Copy from the first line below down to and including the line with "Boeksteun – Boekensteun". Skip the pictures.

**INPUT DATA**
----------
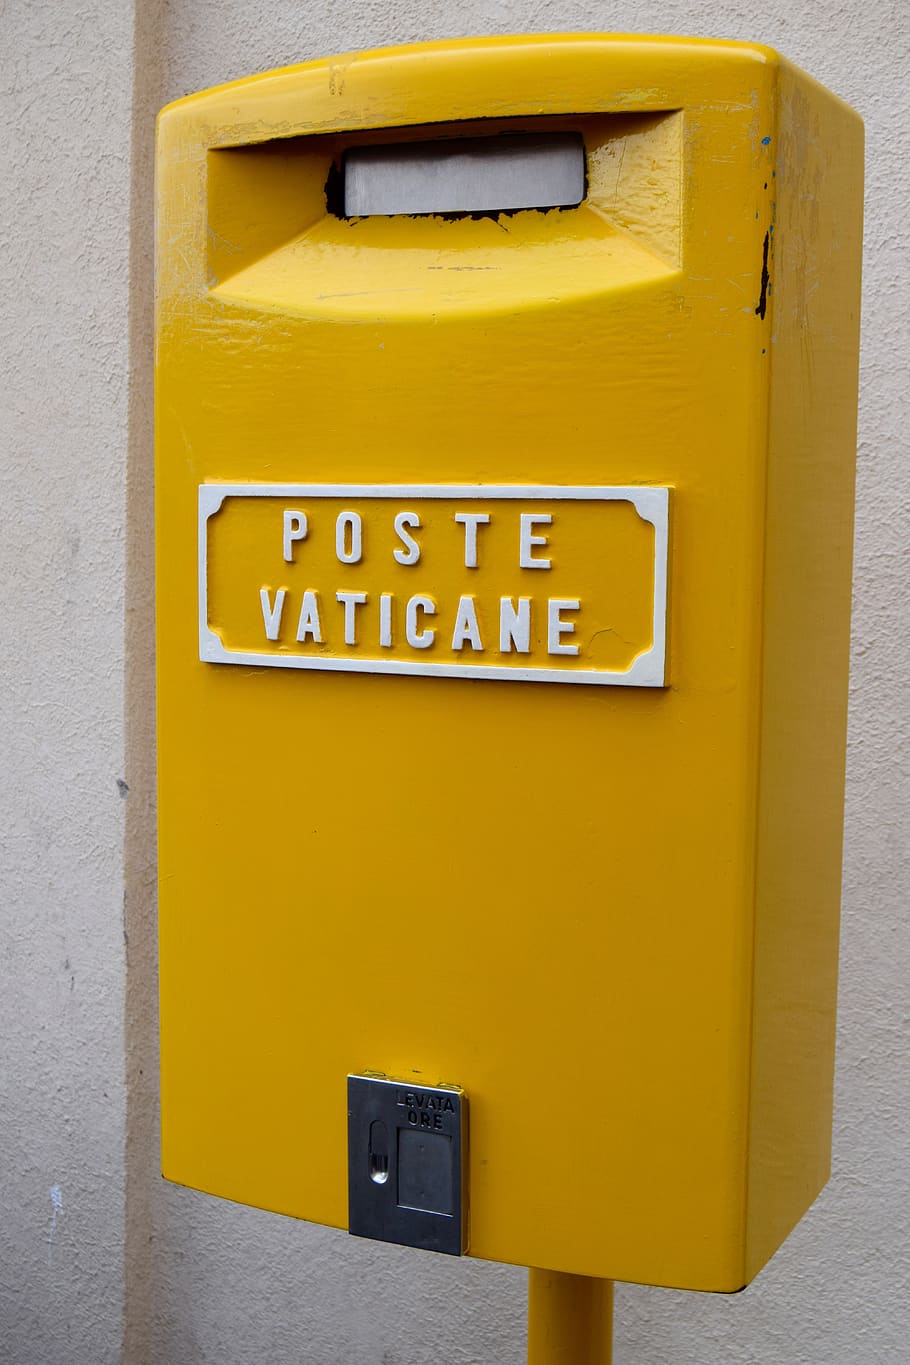 kuning, kotak pos, pos Vatikan, komunikasi, kotak surat, teks, surat, kotak surat umum, aksara barat, fitur dinding - bangunan
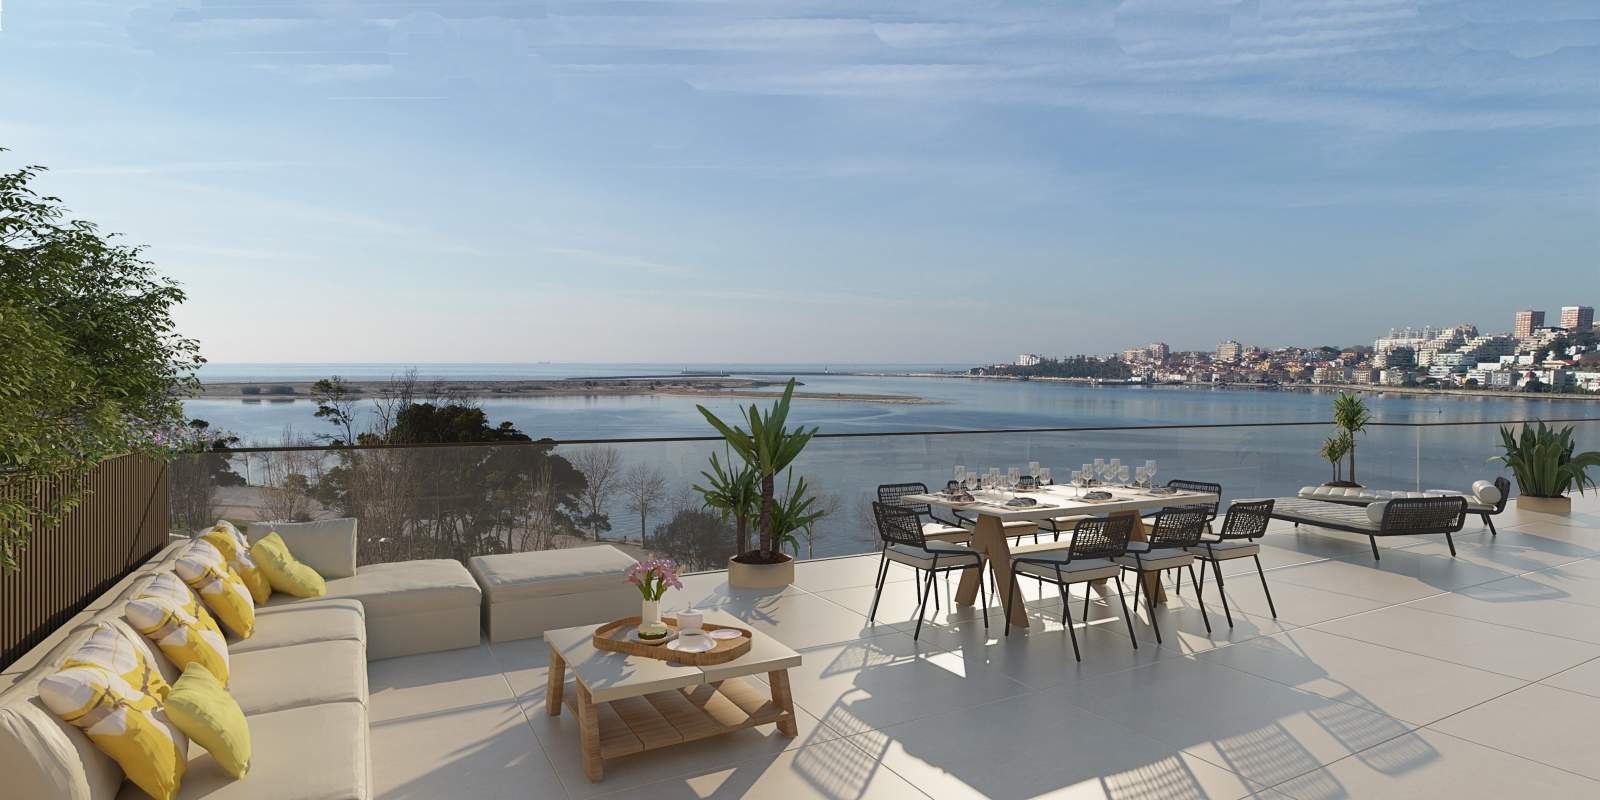 Wohnung zu verkaufen mit Terrasse, in exklusiver Wohnanlage, V. N. Gaia, Porto, Portugal_175784
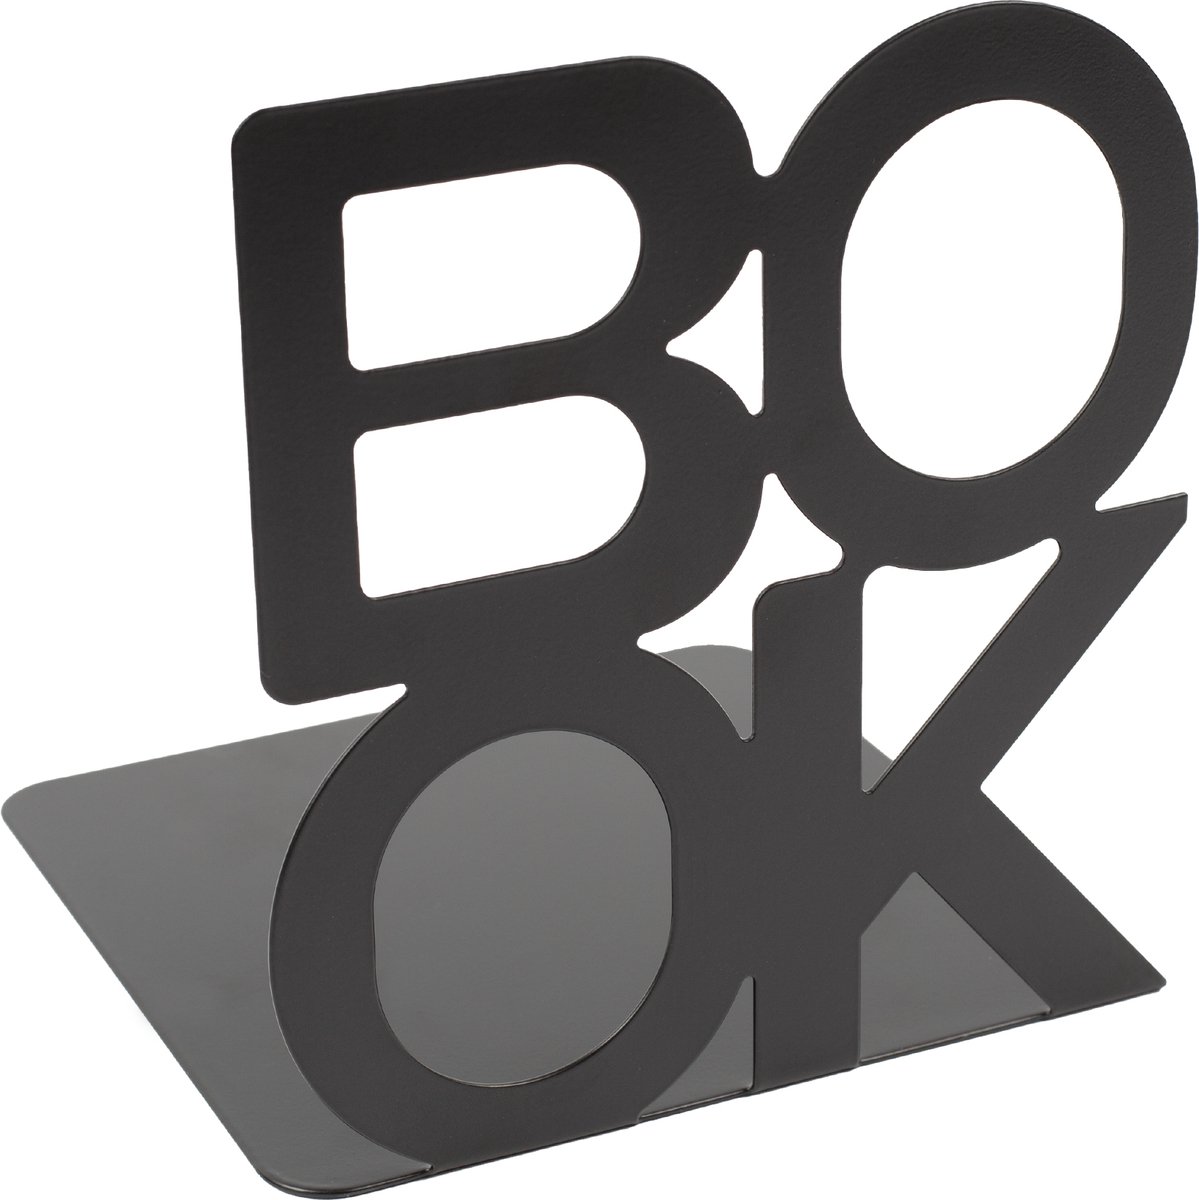 Boeksteun – Boekensteun - Boekenhouder - Boekenstandaard - 2 Stuks - Zwart
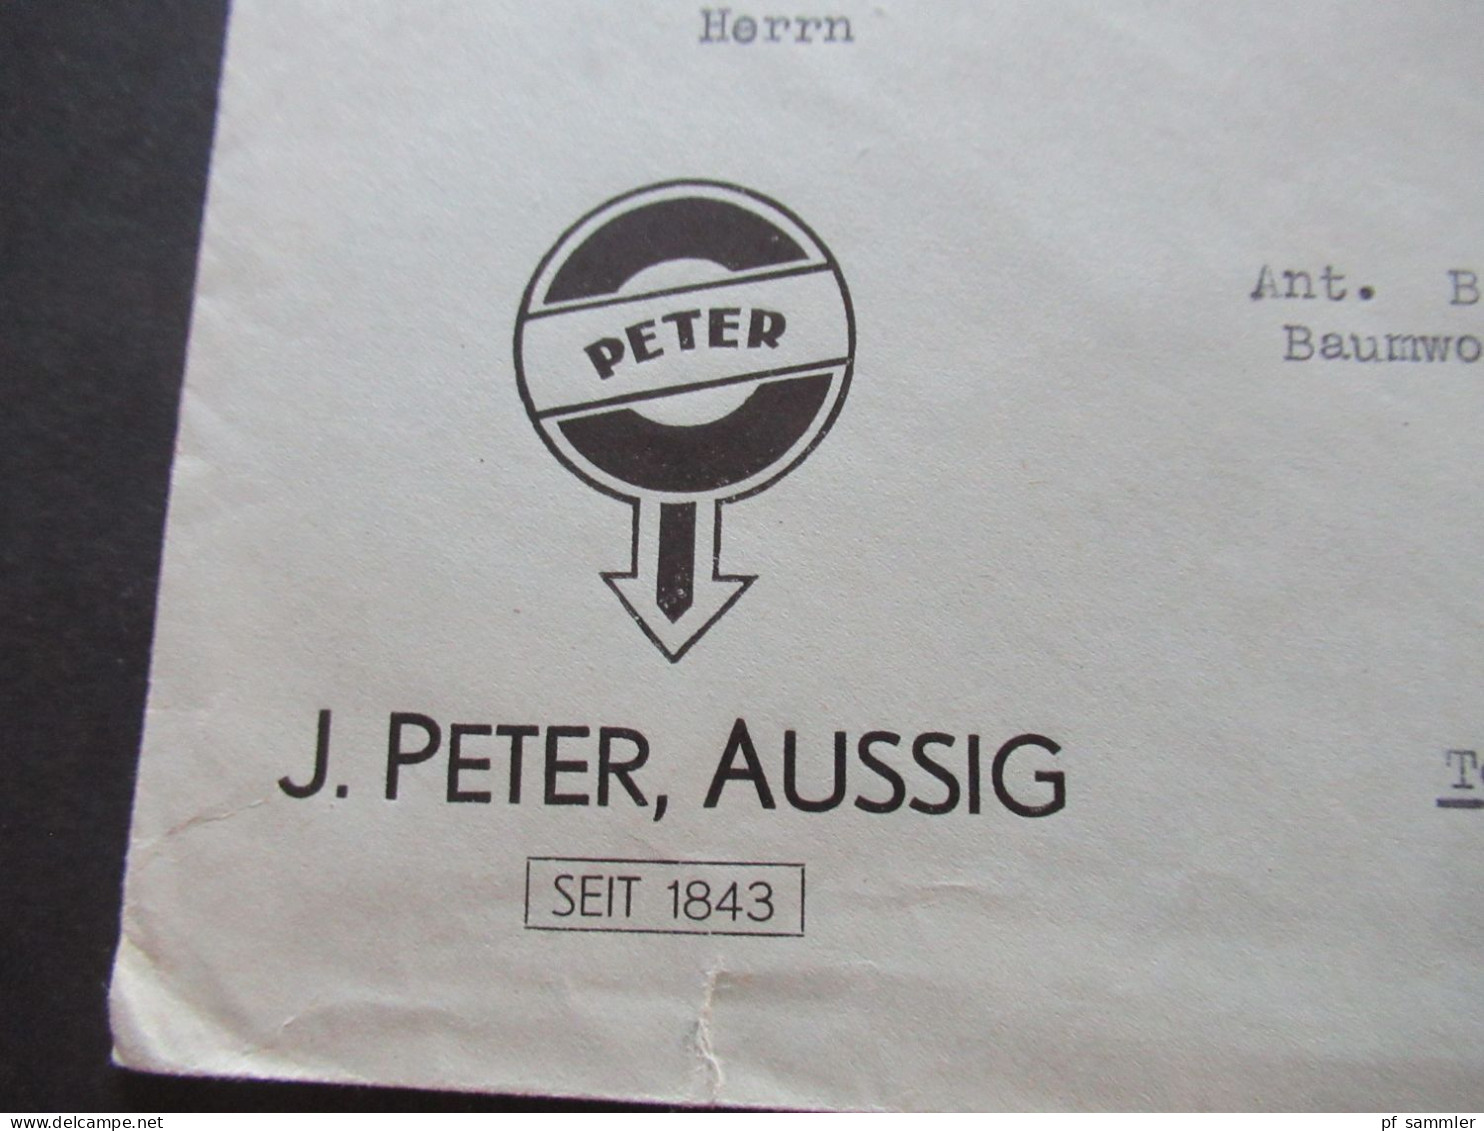 3.Reich Sudetenland 29.10.1938 Violetter Stempel Aussig Umschlag J.Peter Aussig Seit 1843 - Teplitz Schönau - Région Des Sudètes
----------
**ANSWER SPACE**
 kuning, kotak pos, pos Vatikan, komunikasi, kotak surat, teks, surat, kotak surat umum, aksara barat, fitur dinding - bangunan
 Wohnung zu verkaufen mit Terrasse, in exklusiver Wohnanlage, V. N. Gaia, Porto, Portugal_175784
 Boeksteun – Boekensteun - Boekenhouder - Boekenstandaard - 2 Stuks - Zwart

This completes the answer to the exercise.